Osteosarcoma Clinical Trials

• Voluntarily sign the informed consent form and comply with protocol requirements;

• Age 18 \<= age \<= 75 years, male or female;

• Expected survival \>= 12 weeks;

• ECOG performance status \<= 1 point;

• Patients with advanced solid tumors who have experienced disease progression on standard therapy, intolerance to standard therapy, or lack of effective standard therapy, with histopathological or cytopathological confirmation (priority enrollment for small cell lung cancer, esophageal cancer, cervical cancer, bladder cancer, renal cell carcinoma, or other potentially sensitive tumor types. Cohort A is the small cell lung cancer cohort: includes patients who have failed at least two prior systemic therapies; Cohort B includes patients with other advanced solid tumors); At least one measurable lesion meeting RECIST v1.1 criteria;

• Recovery from toxic effects of the last prior treatment (CTCAE \<= Grade 1, except for specific conditions such as alopecia or hyperpigmentation), and the investigator determines that the corresponding AE poses no safety risk;

• Systolic blood pressure \<= 140 mmHg, diastolic blood pressure \<= 90 mmHg, with no changes in antihypertensive medications or dosages within 7 days prior to the first dose.

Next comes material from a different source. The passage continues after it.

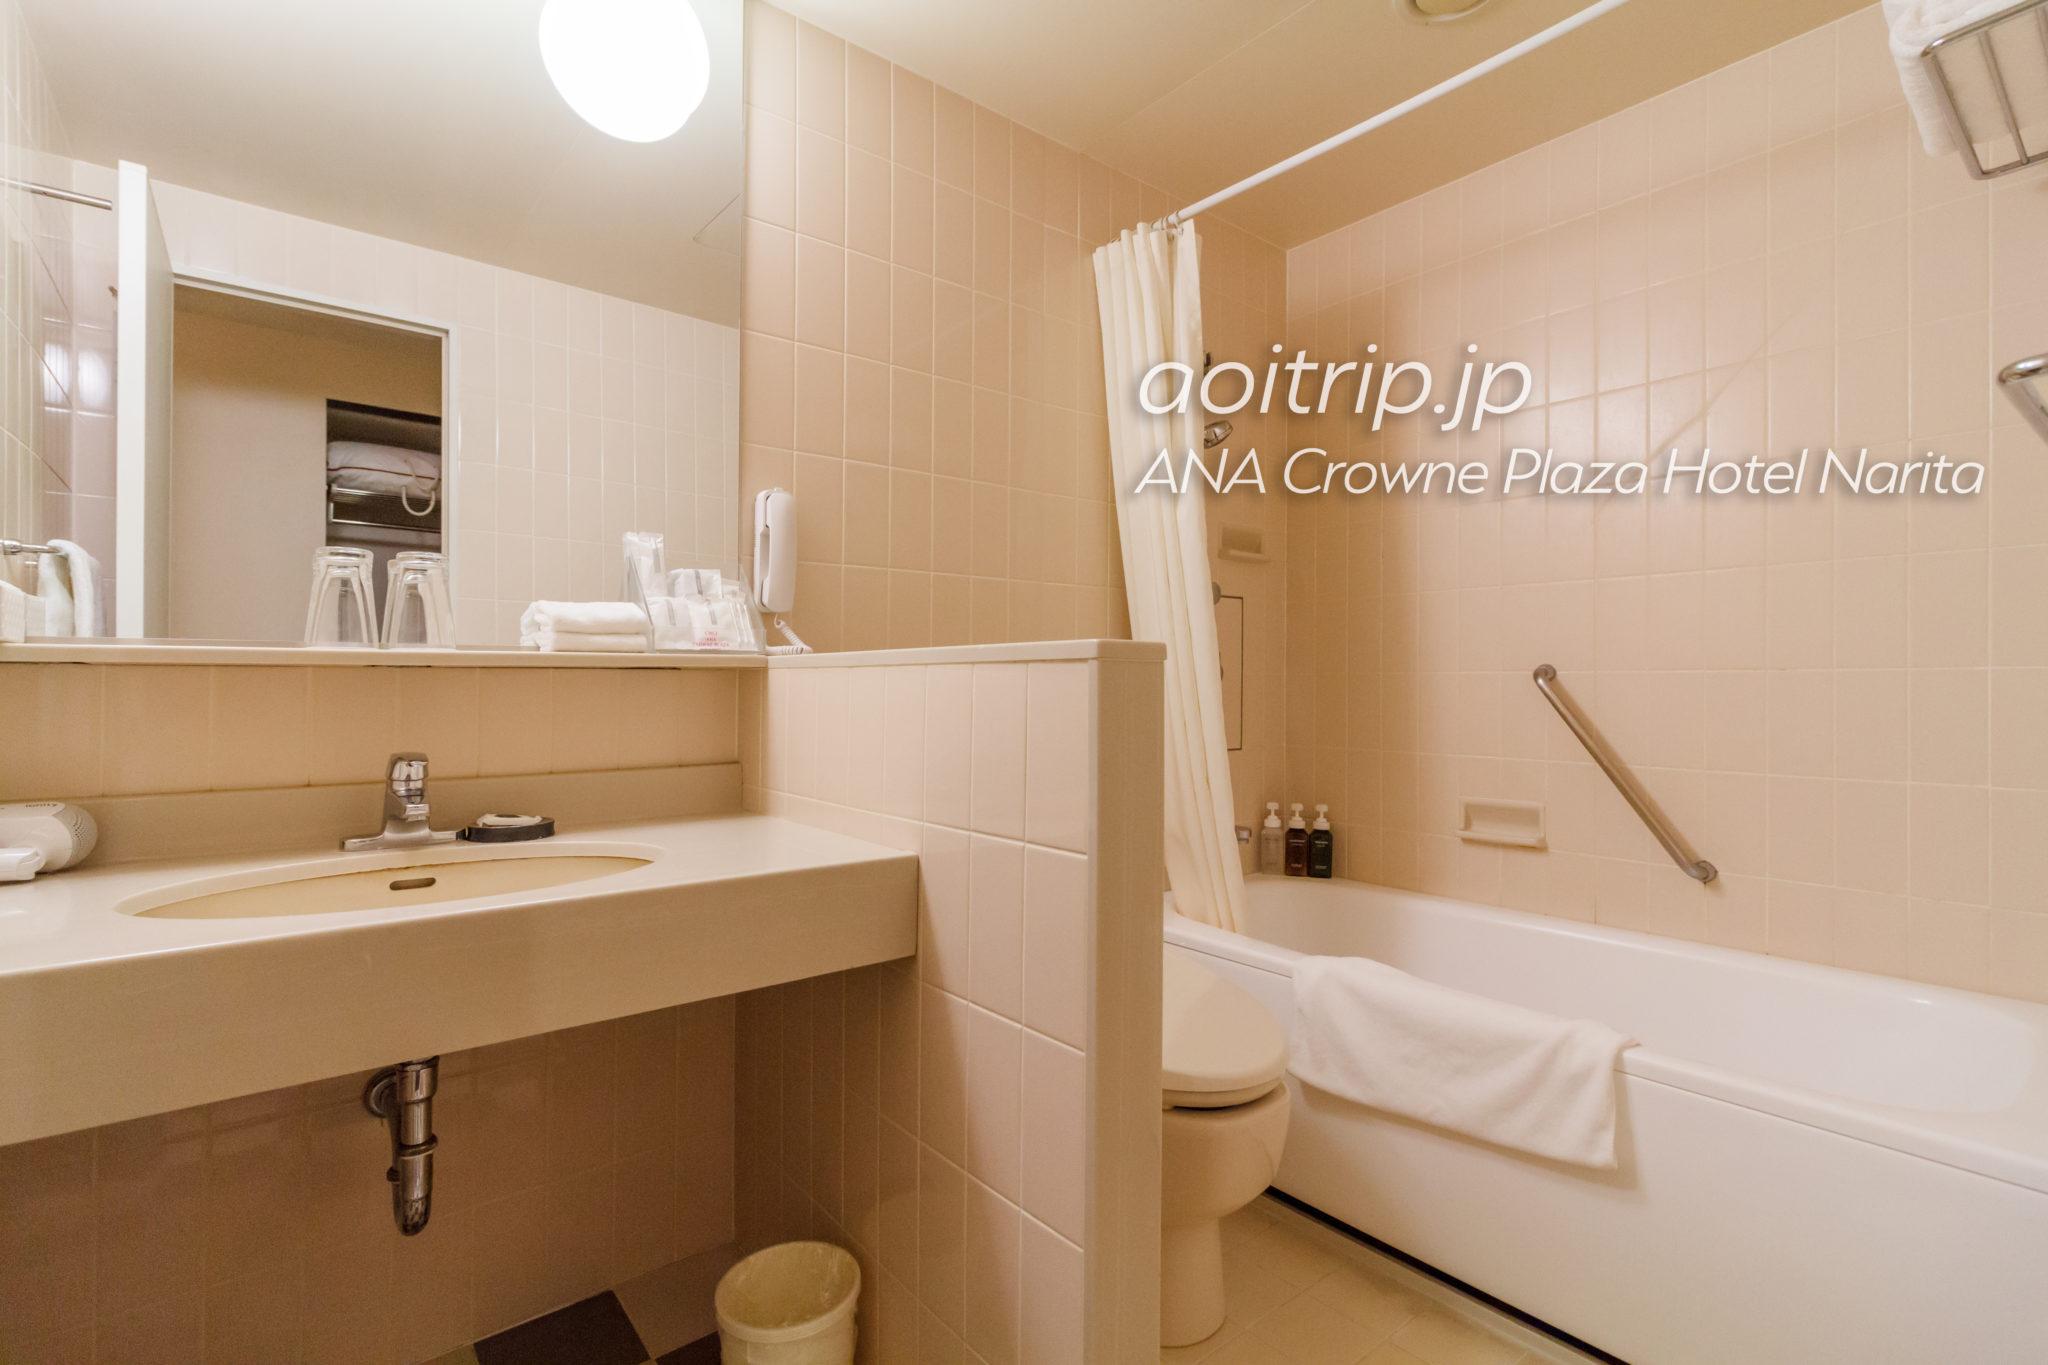 ANAクラウンプラザホテル成田のバスルーム

• Organ and bone marrow function levels must meet the following requirements: Bone marrow: Absolute neutrophil count (ANC) \>= 1.5 × 10\^9/L, platelet count \>= 75 × 10\^9/L, Hemoglobin \>=90 g/L, with no transfusion of platelets or red blood cells within 14 days prior to the first dose, and no transfusion or treatment with biological response modifiers (e.g., granulocyte colony-stimulating factor, erythropoietin, interleukin-11) within 14 days prior to the first dose; Liver function: No history of liver cirrhosis (decompensated cirrhosis Child-Pugh B or C). For patients without liver metastases: serum total bilirubin (TBIL) \<= 1.5 × upper limit of normal (ULN), alanine aminotransferase (ALT) and aspartate aminotransferase (AST) \<= 2.5 × ULN. Patients with liver metastases must have TBIL \<= 2.5×ULN, ALT and AST \<= 5×ULN. Renal function: Serum creatinine \<= 1.5×ULN, or creatinine clearance \> 60 mL/min (Cockcroft-Gault formula); Urine protein qualitative \<= 1+; If urine protein qualitative \>= 2+, 24-hour urine protein quantification is required. The investigator will determine eligibility based on test results. Coagulation function: Prothrombin time (PT) \<= 1.5 × ULN; International Normalized Ratio (INR) \<= 1.5 × ULN, and activated partial thromboplastin time (APTT) \<= 1.5 × ULN.

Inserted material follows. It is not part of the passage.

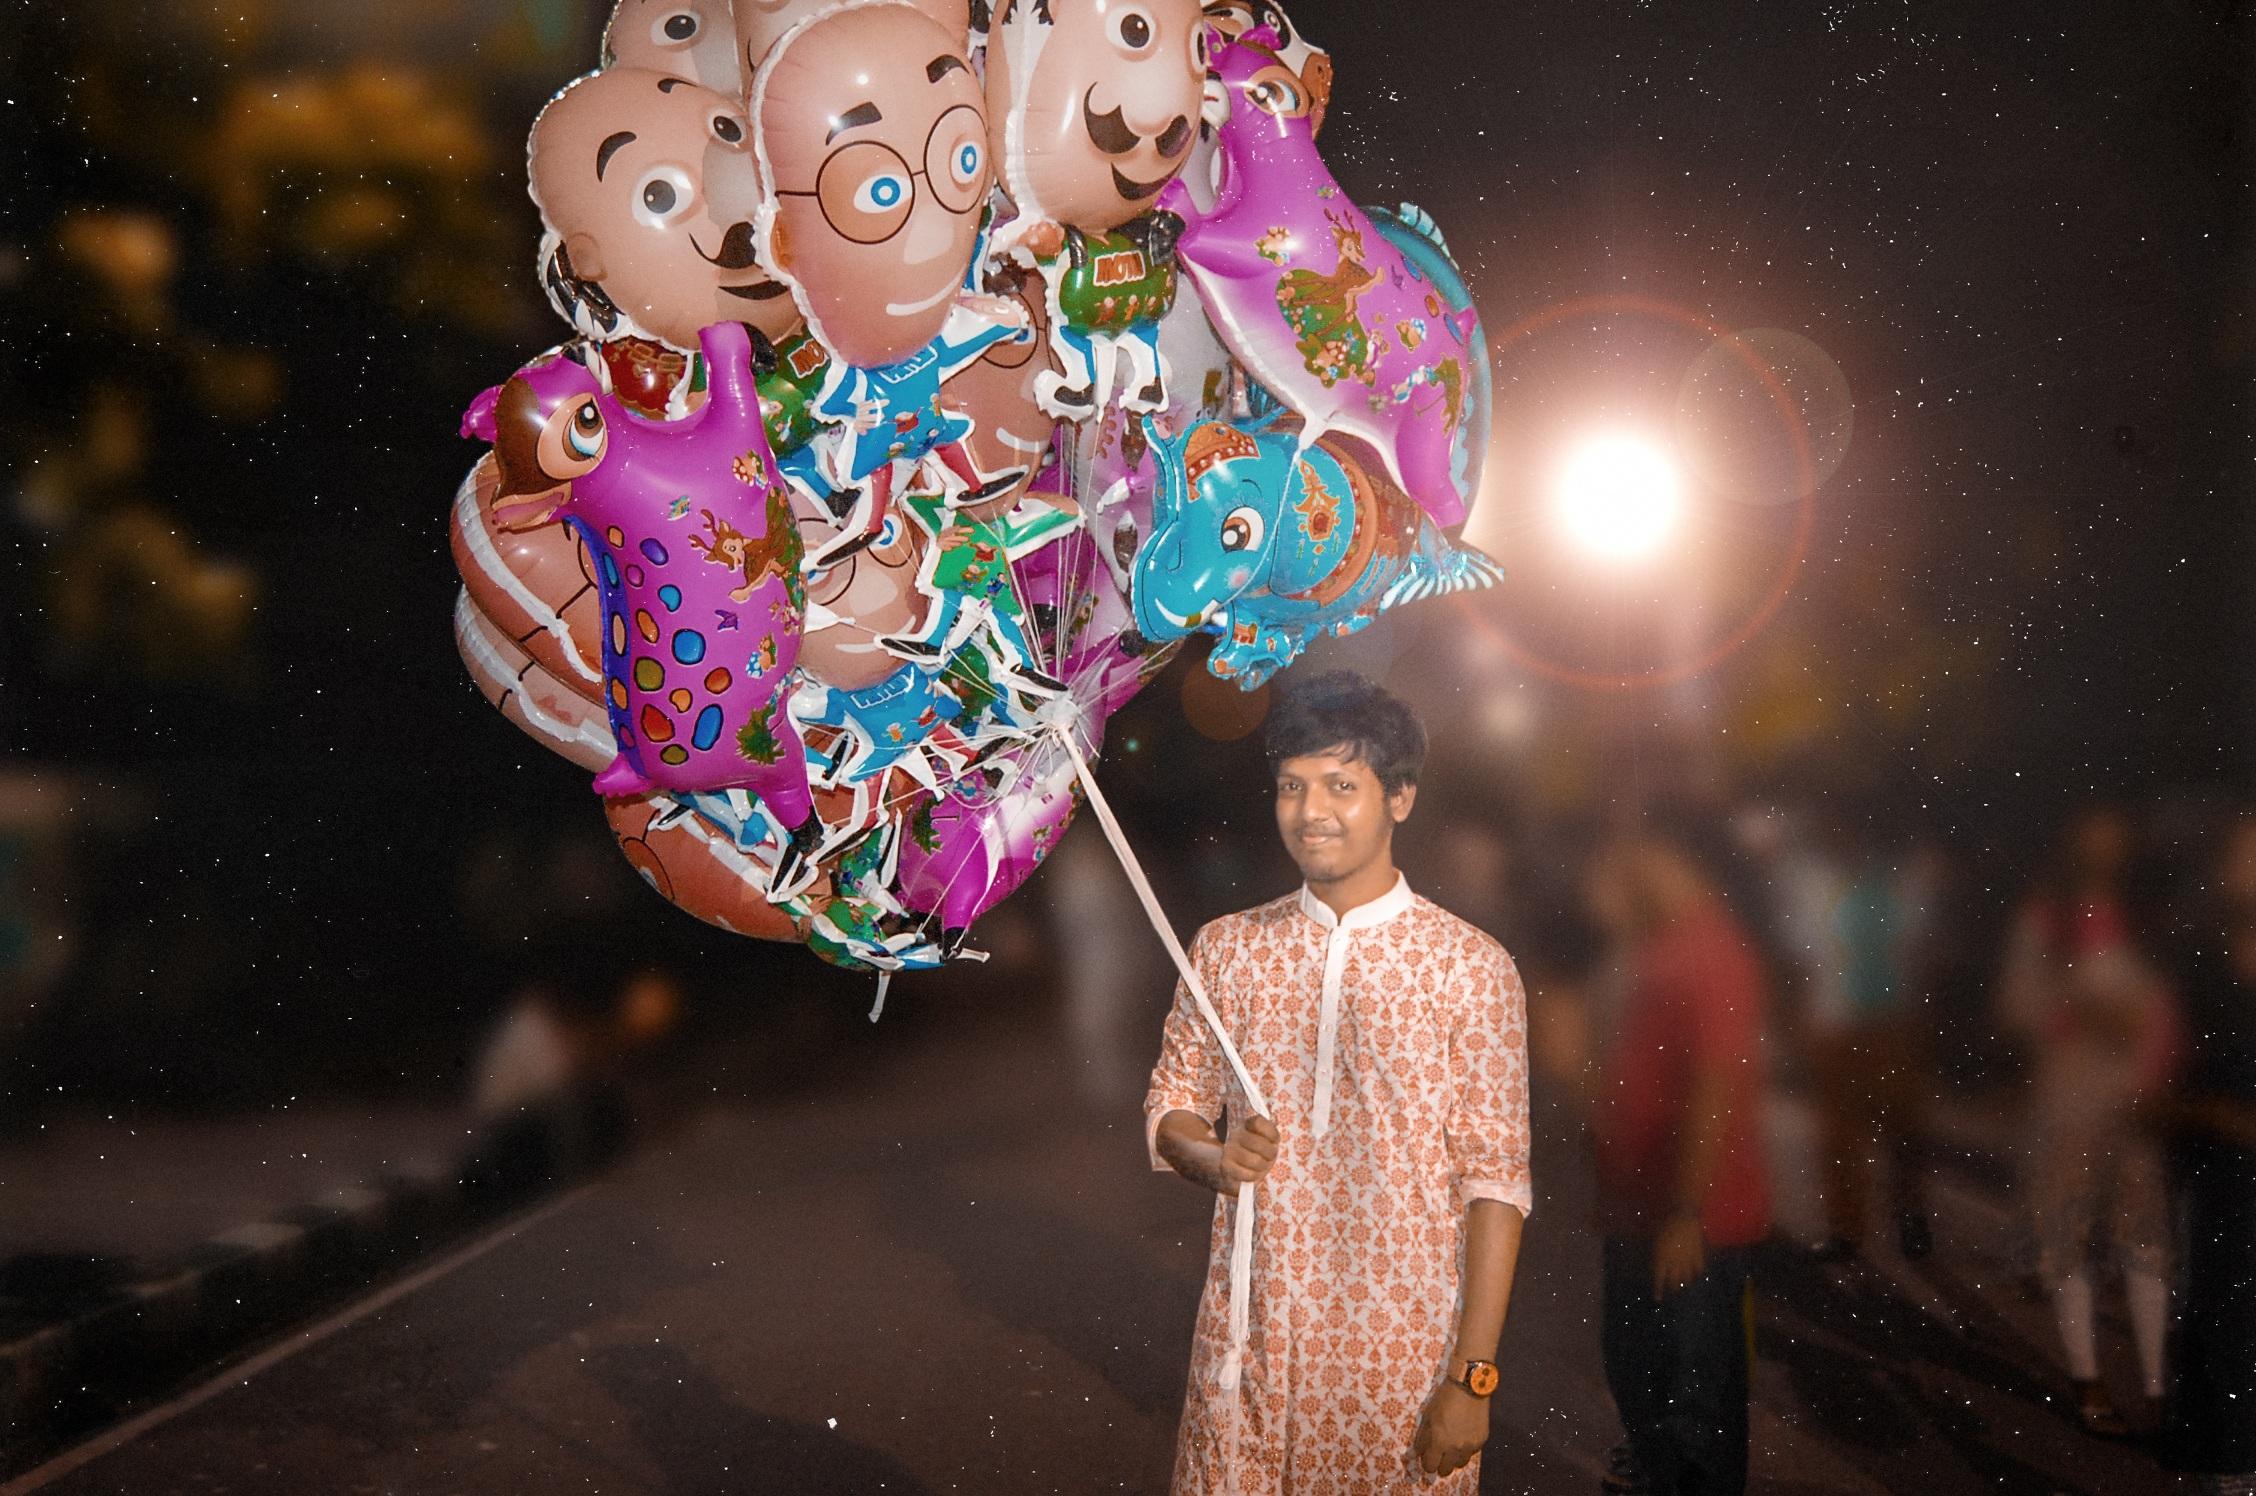 Gambar Fotografi Balon Perjalanan Malam Karnaval Warna Mode Teman Festival

• Female subjects of childbearing potential must undergo a serum pregnancy test within 3 days prior to initiating study medication, with negative results, and must agree to use a medically approved highly effective contraceptive method (e.g., intrauterine device, oral contraceptive, or condom) during the study period and for 6 months after the last study dose. Male subjects with female partners of childbearing potential must agree to use effective contraception during the study period and for 6 months after the last study dose.